Exemple d'un escarpement montrant l’unité lithostratigraphique U5 (Calcaires à Acropora) particulièrement indurée et dont l'emprise spatiale a été contrainte par analyse des sondages EM. 

© BRGM

Le besoin

Les besoins du territoire en matériaux sont importants et les ressources exploitées trop insuffisantes pour répondre à la demande. La caractérisation et la cartographie des hétérogénéités au sein des formations carbonatées de Grande-Terre (communément appelées "tufs carbonatés"), identifiées à la suite du Schéma Départemental des Carrières de la Guadeloupe (2013), constituent ainsi une problématique importante à l’échelle des îles carbonatées de Guadeloupe (i.e., Grande-Terre et Marie-Galante). Ces hétérogénéités, qui ne semblent pas être corrélées aux grands ensembles stratigraphiques connus constituant les plates-formes carbonatées de Grande-Terre, ne s’accompagnent pas nécessairement de modifications visibles de la lithologie (i.e., changements de couleur, de texture, de compétence…).

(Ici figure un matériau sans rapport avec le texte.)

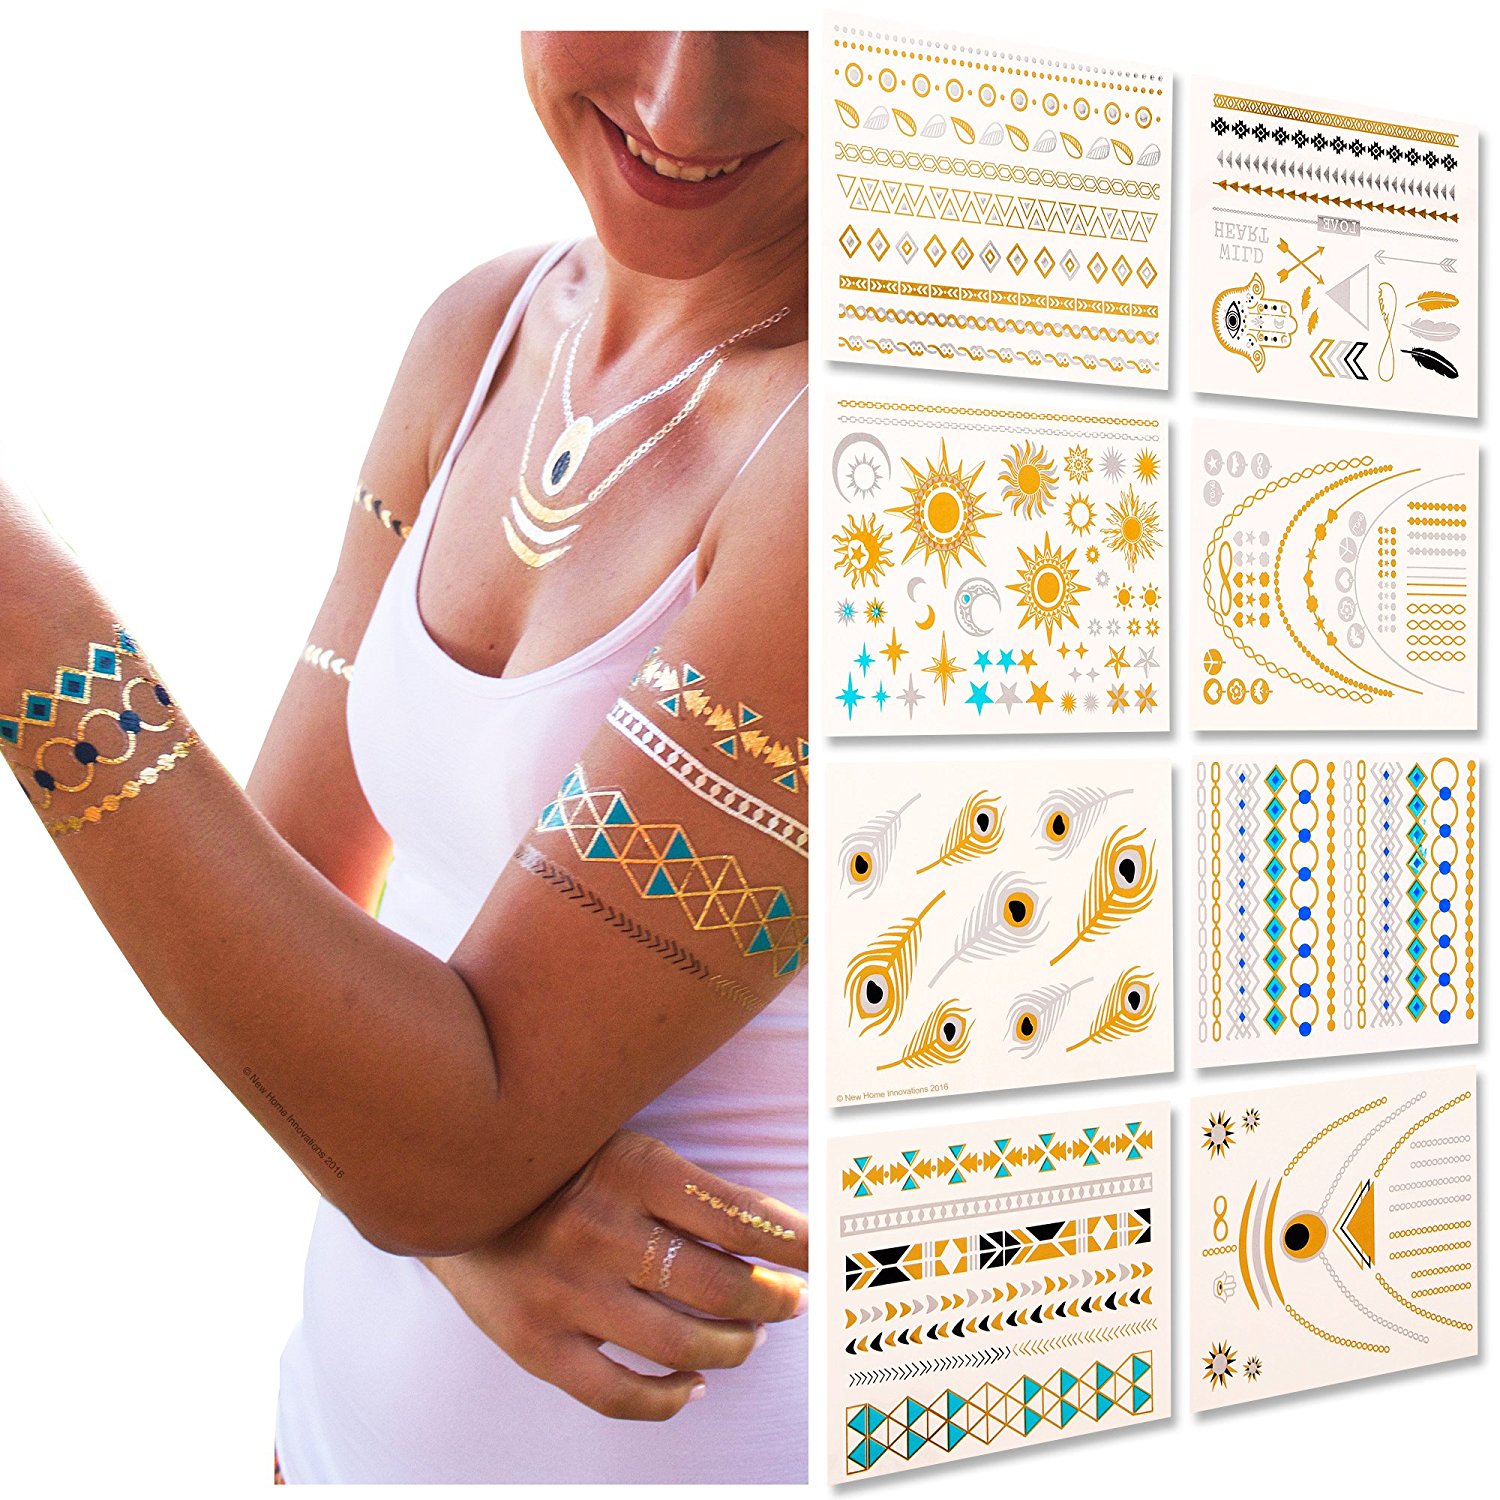 gift-ideas-for-teens-and-preteens-gold-metallic-tattoos

Afin de répondre à cette problématique, le BRGM a mis en œuvre une étude préliminaire, basée sur une analyse conjointe des observations géologiques et des données géophysiques aéroportées et géotechniques, afin de définir une approche méthodologique permettant de caractériser les hétérogénéités et d’identifier l’origine des variations de qualité des tufs calcaire afin de pouvoir les interpréter spatialement.

Les résultats

L’étude a permis de mettre en évidence la pertinence de l’exploitation des données géophysiques aéroportées TDEM (méthode électromagnétique en domaine temporel) issues du programme FEDER GUADEM (Deparis et al., 2013) pour caractériser spatialement les hétérogénéités des formations carbonatées de Grande-Terre. Les variations de résistivité semblent ainsi être relativement cohérentes avec les délimitations des formations géologiques traduites des observations de terrain.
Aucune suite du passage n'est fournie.